Production readiness for AI now depends on control evidence, not enthusiasm. Enterprises should require proof that safety constraints, security controls, and identity checks work together under realistic workflows. If the AI can access sensitive systems, then logging, least privilege, and exception handling must be demonstrable before scale-up. The practitioner lesson is to make evidence, not intent, the deployment threshold.
What this signals
AI governance teams should expect the control conversation to move from model behaviour alone to delegated access, tool permissions, and session scope. That shift matters because once an AI system can touch enterprise systems, the control surface looks much closer to privileged access management than to a pure software review. The practical implication is that AI readiness now depends on identity evidence, not just policy language.
Governance debt: the gap between what an AI system is allowed to do in practice and what the organisation can prove it approved. That gap widens quickly when coding assistants and MCP-connected tools inherit broad access from users or services. Enterprises that cannot evidence least privilege for AI tooling should assume their deployment will outpace their governance model.
For teams managing identity-heavy environments, AI controls should be assessed alongside secrets management, logging, and exception handling. If a model, agent, or assistant can reach credentials, then the issue is no longer only AI risk, it is identity risk with AI acceleration. The next phase of maturity is to connect AI access decisions to existing identity review and incident processes.
For practitioners
- Separate safety gates from security gates Define distinct approval criteria for harmful-output risk and adversarial misuse risk before any AI system reaches production. Tie the two gates to different owners, test cases, and escalation paths.
- Restrict AI tool access by workflow Limit MCP servers, coding assistants, and connected tools to the smallest set of repositories, secrets, and actions required for each use case. Review those permissions like privileged access, not like ordinary application settings.

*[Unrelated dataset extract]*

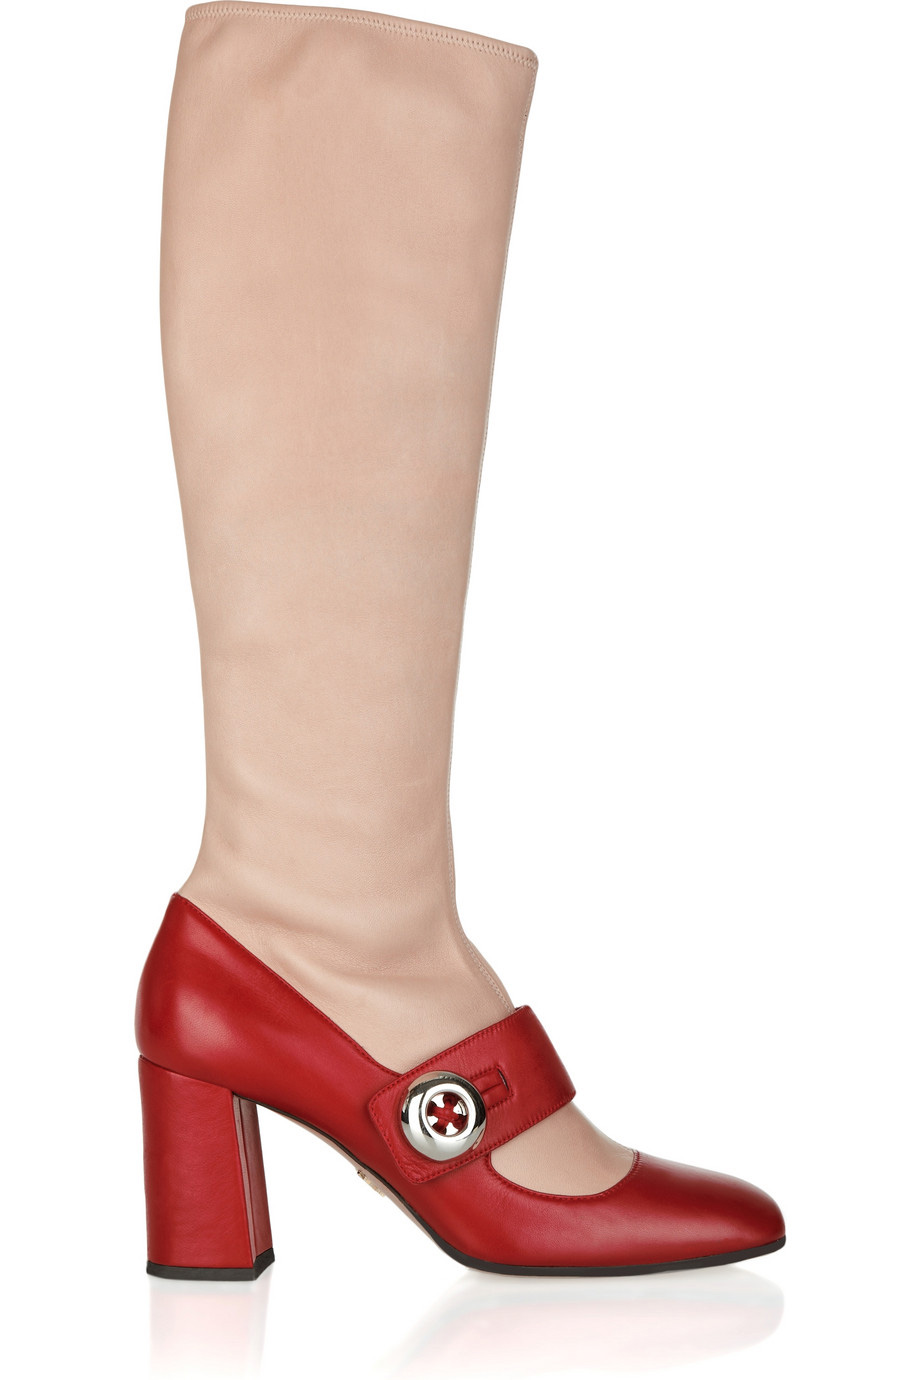 Red and leather Mary Jane boots by Prada

- Treat AI connectors as privileged integrations Log every tool invocation, credential use, and data retrieval event for systems that can act on behalf of users or services. Map those integrations to identity controls, access reviews, and incident response.

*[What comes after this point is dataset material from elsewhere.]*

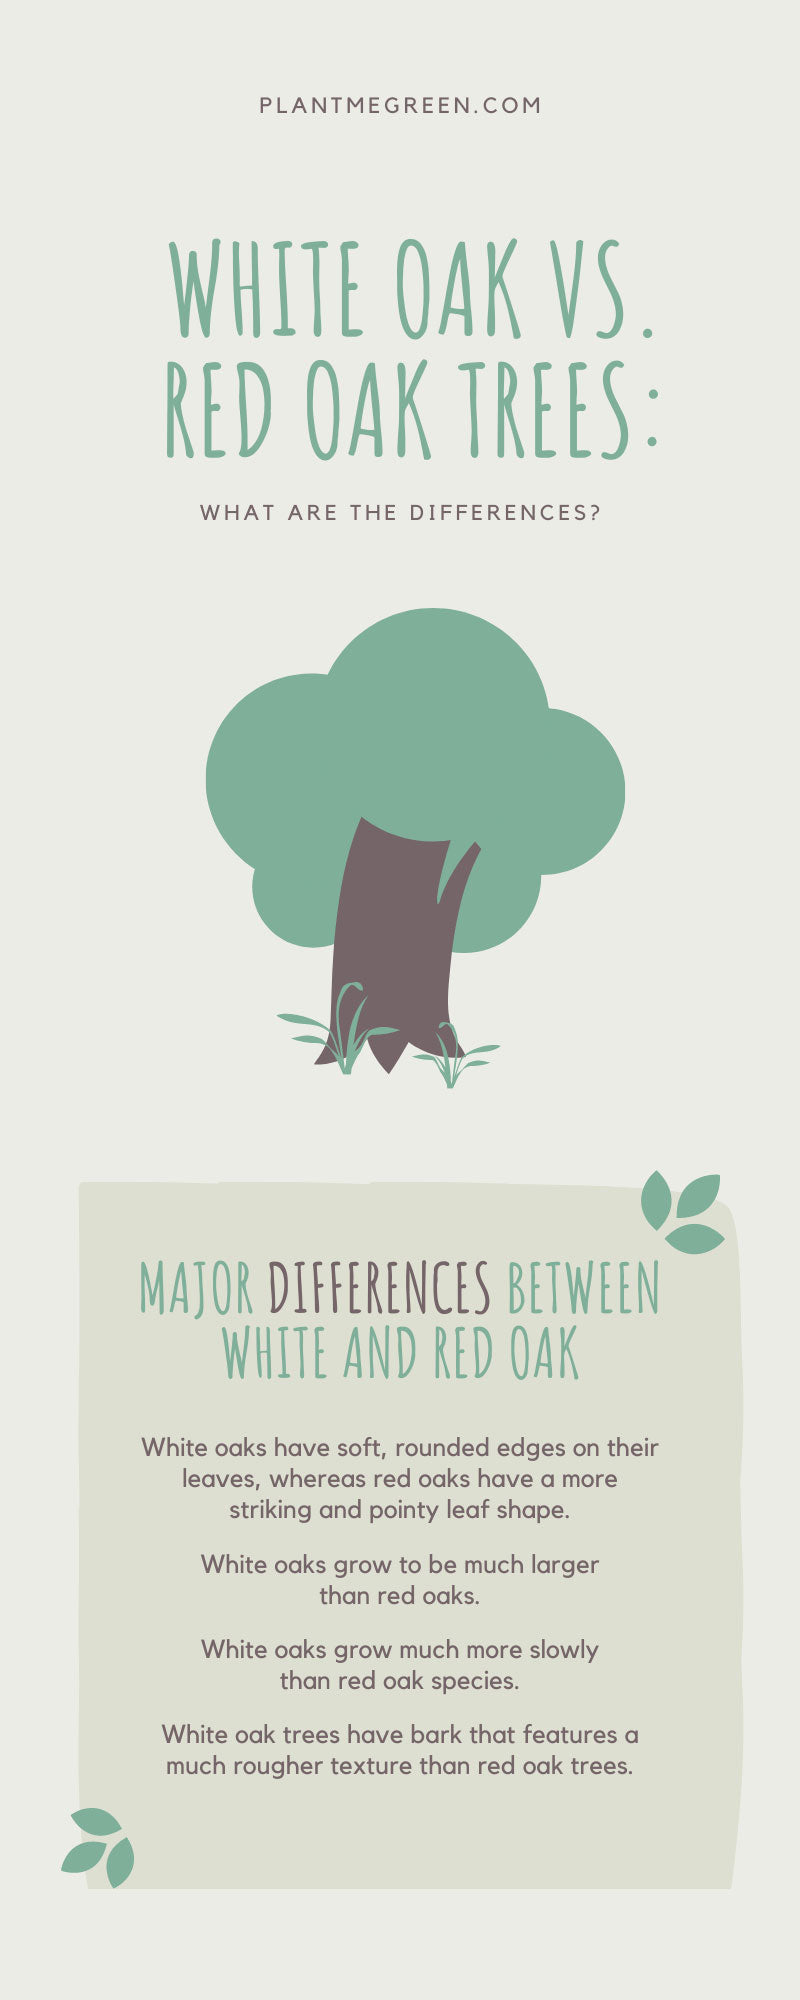 White Oak vs. Red Oak Trees: What Are the Differences?

- Create an AI governance owner with change authority Assign a single accountable leader for tool access, model change control, and deployment sign-off so that security, legal, and product teams are not operating from conflicting assumptions.
Key takeaways
- AI safety and AI security describe different failure modes, so they need different owners, controls, and production gates.
- When AI tools can access repositories, secrets, or SaaS systems, the real issue becomes delegated privilege and tool governance.
- Enterprises should treat AI readiness as a control-evidence problem, not as a branding exercise around responsible innovation.
Standards & Framework Alignment
This section maps relevant standards and security frameworks to the operational risks and controls described in this guidance.
OWASP Agentic AI Top 10 address the attack and risk surface, while NIST AI RMF, NIST CSF 2.0, NIST SP 800-53 Rev 5 and NIST Zero Trust (SP 800-207) set the governance and control requirements practitioners need to meet.
| Framework | Control / Reference | Relevance |
|---|---|---|
| NIST AI RMF | GOVERN | The article is fundamentally about AI governance ownership and accountability. |
| NIST CSF 2.0 | PR.AC-4 | AI tools with delegated access require least-privilege controls and access reviews. |
| OWASP Agentic AI Top 10 | Agentic workflows and tool use create the risks described in the article. | |
| NIST SP 800-53 Rev 5 | AC-6 | Least privilege directly addresses over-broad AI tool and connector access. |
| NIST Zero Trust (SP 800-207) | Continuous verification fits AI systems that access multiple tools and data sources. |
Verify each AI tool request against policy rather than trusting a broad session token.
Key terms
- AI Safety: AI safety is the discipline of preventing harmful outcomes when an AI system behaves as designed. It focuses on alignment, unintended consequences, and downstream impact on people, rights, or operations, even when no attacker is present. In practice, it requires policy, testing, and governance evidence beyond traditional security controls.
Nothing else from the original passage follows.